Review: Web of Scarlet Spider #1 kicks off the Scarlet Spider stunt, setting up a timeless storyline that centers on the horrors of virtual reality. In this issue, we learn that Dr. Octopus and a gangster are competing for a stash of computer chips, and poor Scarlet Spider has been caught in the middle of their feud. This somehow leads to Ben doubting himself and declaring himself a failure when compared to Peter. Later, we’re supposed to feel even sorrier for Ben as he’s unable to find a job. These are obviously attempts to evoke the “classic” feel of Spider-Man as the insecure, hard-luck hero with real problems, and while these scenes are the best moments of the issue, they still feel tired and predictable.

Ben’s having these problems because they’re the ones Marvel thinks he’s supposed to be having, not because there’s a great concept behind them, which makes the delivery feel tedious. The action that lands Ben his job, helping a waitress pick up a tray of food before it hits the ground, is a tired cliché that goes back to the Flash’s origin story. (A virtually identical scene appears in the first Spider-Man movie, although I doubt anyone involved read this specific comic.) When we aren’t getting the recycled secret identity scenes, the audience is forced to endure repetitive fight scenes that are horribly rendered by Paris Karounos. Not only are the characters repulsive, but the action is often hard to follow, making me wonder just how bad “cartoony” work had to be in the ‘90s before an editor would turn it down.

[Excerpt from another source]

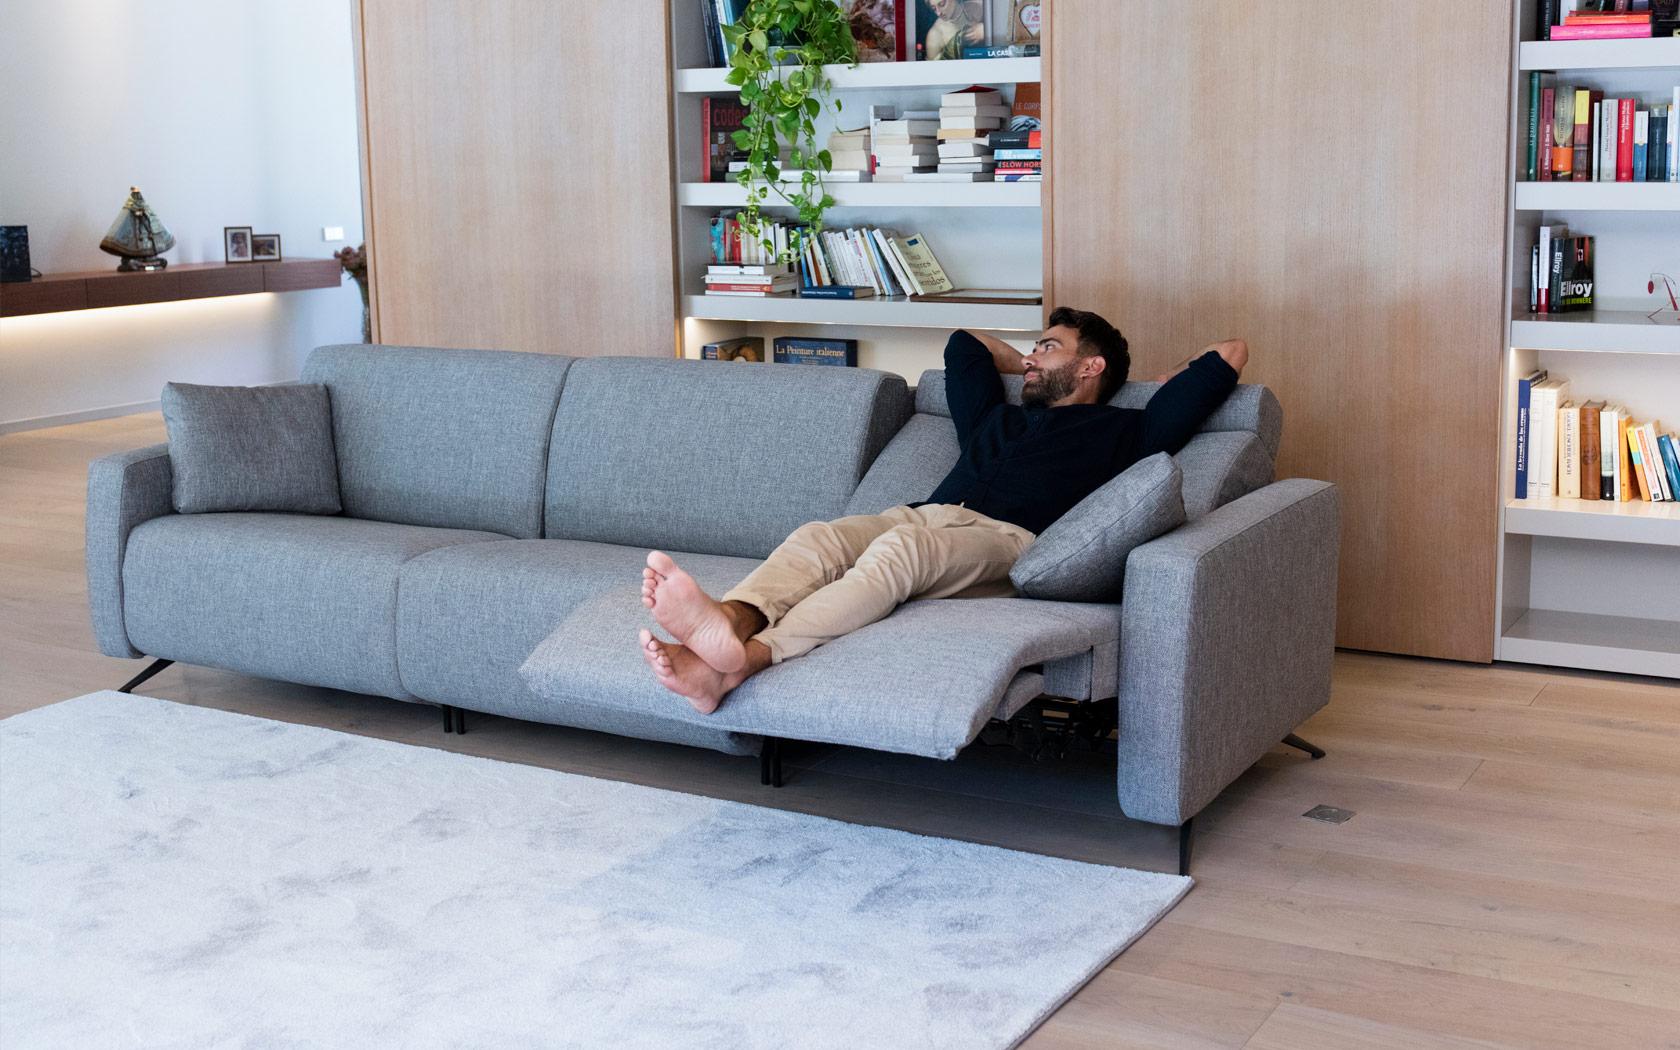 Atlanta sofa relax 2020 10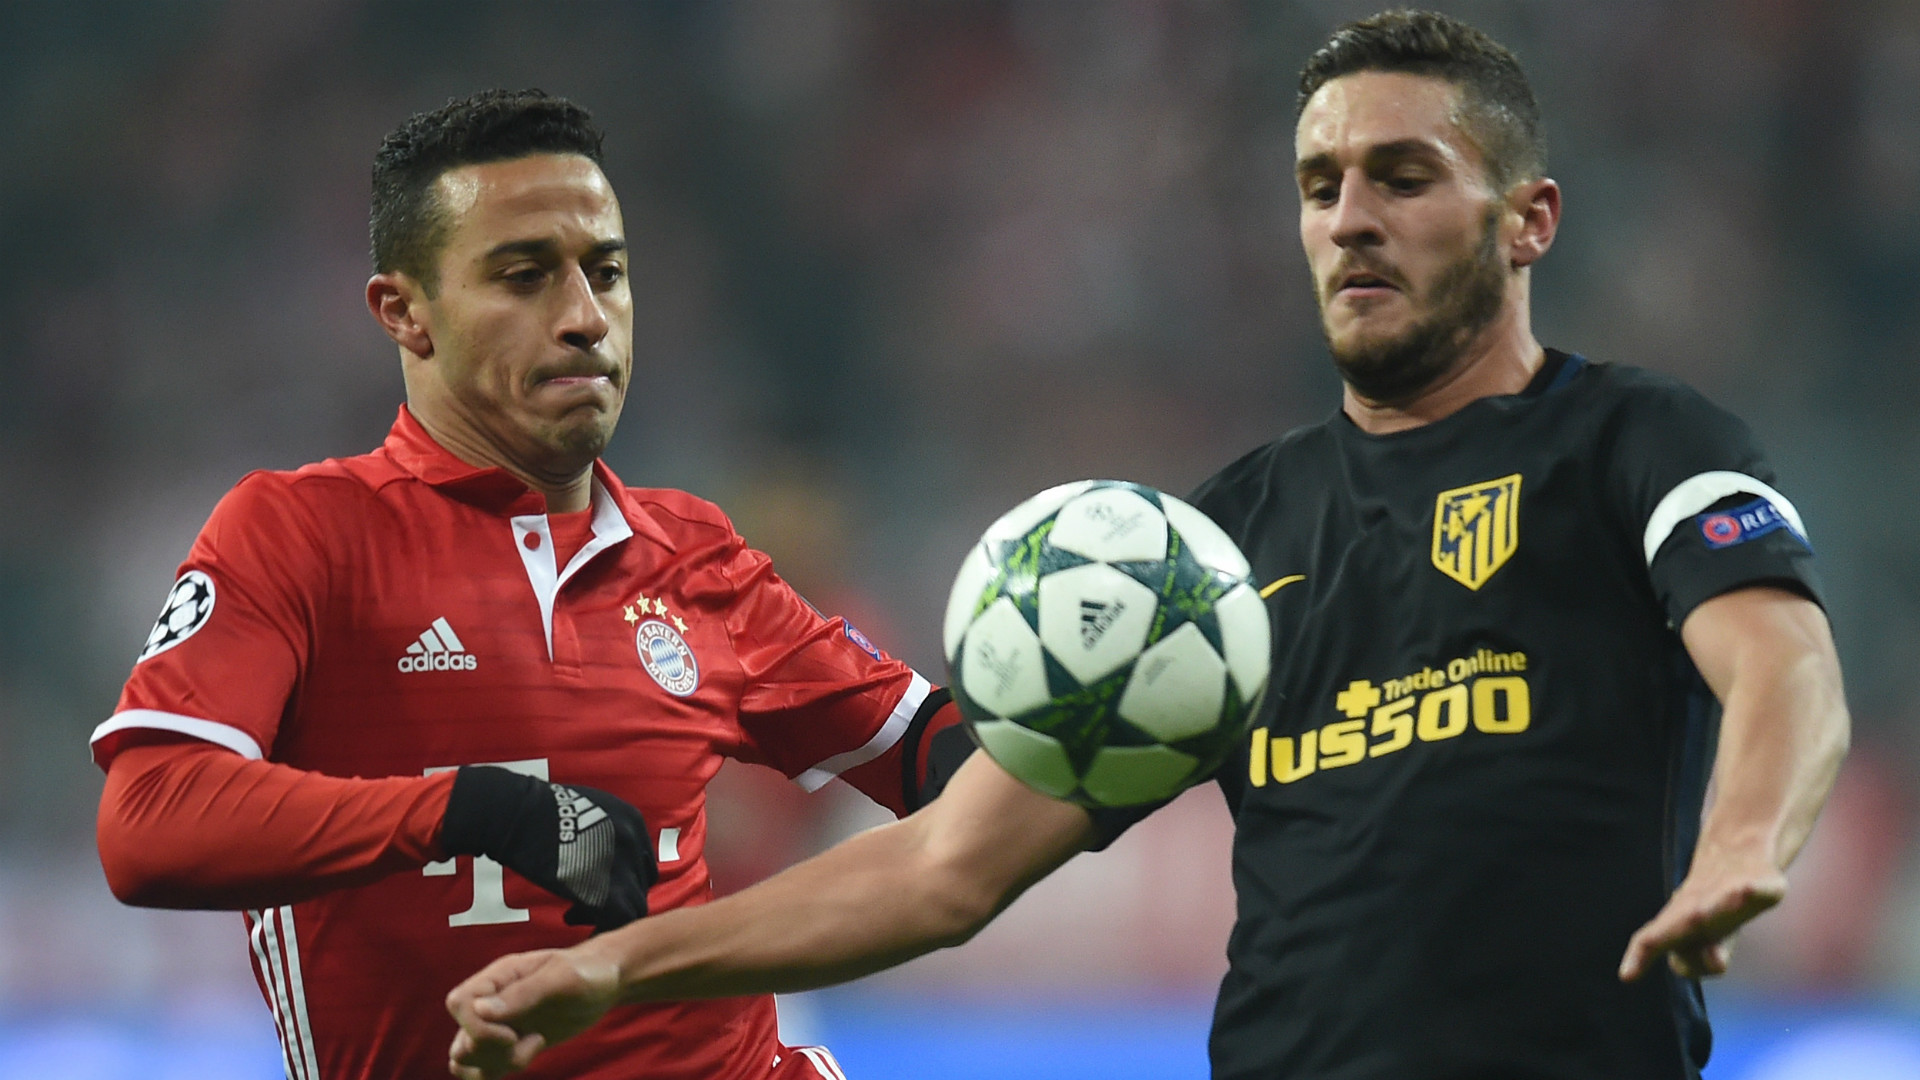 THIAGO BAYERN MUNCHEN KOKE ATLETICO MADRID UEFA CHAMPIONS LEAGUE 06122016

I’m not sure if even the most ardent clone saga fans will defend the renamed Scarlet Spider books. These are conspicuously bad filler comics rushed out in order to fulfill a marketing directive…we really didn’t need Life of Reilly to confirm this. They’re ugly, pointless, and boring. And somehow I’m stuck reviewing four of them.


Matt said...

I won't defend them exactly, though I did appreciate getting a little more Scarlet Spider action before Ben became Spider-Man. I loved (and still love) the Scarlet Spider costume.

But yeah, I seem to recall this storyline being pretty bad. And even now I remember thinking Paris Cullens' artwork was pretty awful.

And wasn't it next month when they used the gimmick of printing the cover logos with a special fifth color? That was one of the lamest "special" cover thingies they ever did...

thinkingcog said...

We have really hit the nadir of the Clone saga here, I mean Maximum Cloneage was an incomprehensible mess but even that had some stakes due to it being an "event" of sorts.
I remember this being such a come down after and even as a kid I noticed the "holding pattern" nature of the stories more than I should have.

What with Peter and MJ starring in the cop out that became "Spider-Man The Final Adventure" at around the same time this was a rough few months for the whole line.